Consequences for Participants: Delays, Gaps, and “Too Hard Baskets”

Perhaps most worryingly, the business risks posed by this new model are likely to trickle down to participants in very real and personal ways.


  • Some providers may begin to limit the services they offer to participants with new plans, delay onboarding, or even decline clients entirely if the financial risk feels too great.


  • Others may require payment guarantees or written confirmation of available funds, placing additional pressure on families to act as intermediaries in a system they already find complex.


  • Participants with more intensive or higher-cost needs — who already struggle to find suitable providers — may be placed in the "too hard basket," leading to service gaps, disengagement, and poorer outcomes.



Essentially - A Huge Step Backwards

The NDIS was founded on the principles of choice, control, flexibility, and individualised support. These changes may make internal NDIA budget tracking easier, but they undermine participants' ability to plan and direct their lives.

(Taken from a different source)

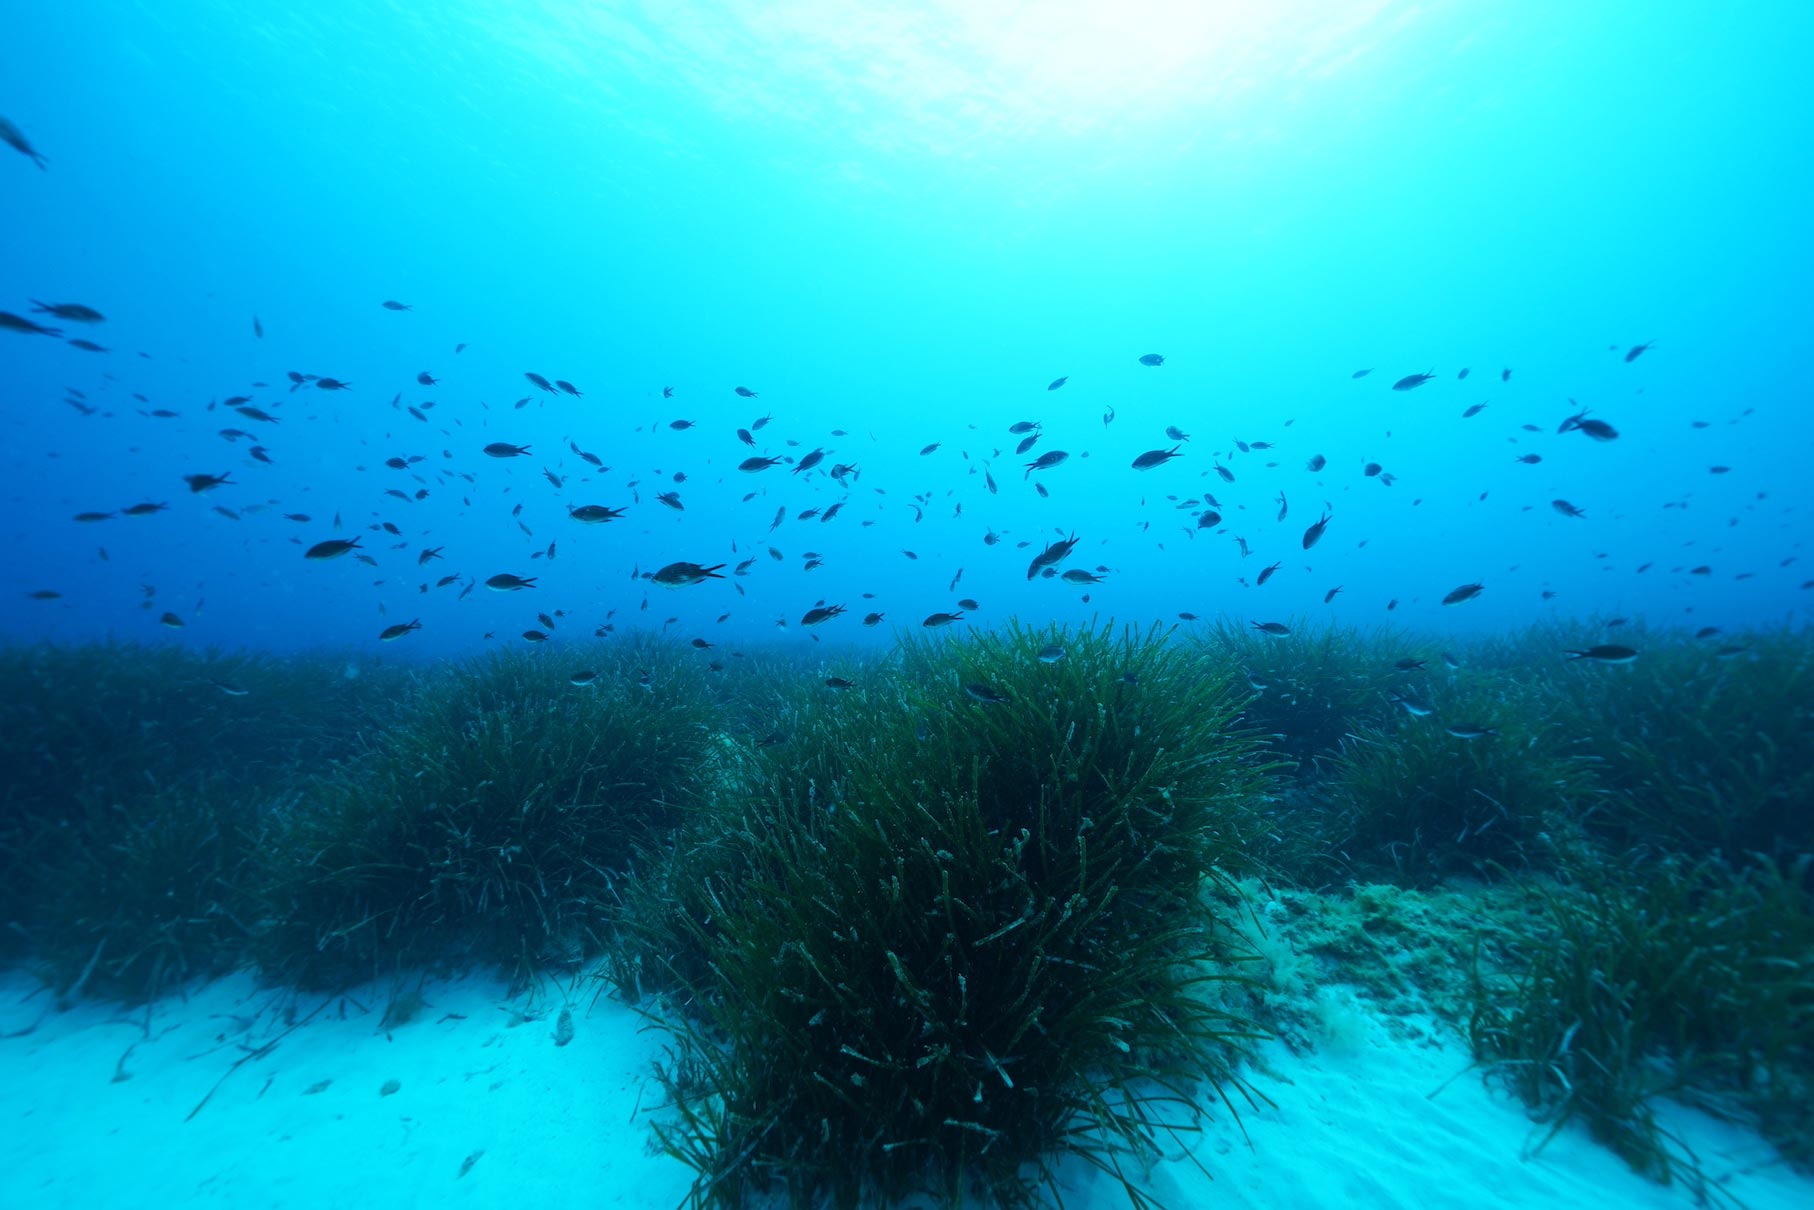 Seagrass Forests Counteract Ocean Acidification

It risks entire parts of the support sector exiting the market as it is unsustainable to continue to run a business in this climate, with risk and loss so high.


If the Agency’s concern is misuse or underutilisation of funds, there are more targeted ways to address that without penalising every participant and every provider. Education, support, and better transparency in budgeting tools would be a good start.


Instead, we’re seeing another bureaucratic mechanism that introduces friction, slows down access, and increases the risk for both participants and service providers.


The NDIA must urgently review the implementation of this model, consult widely with the sector, and build safeguards into the system that maintain participants’ autonomy and protect providers from unintentional or intentional non-payment.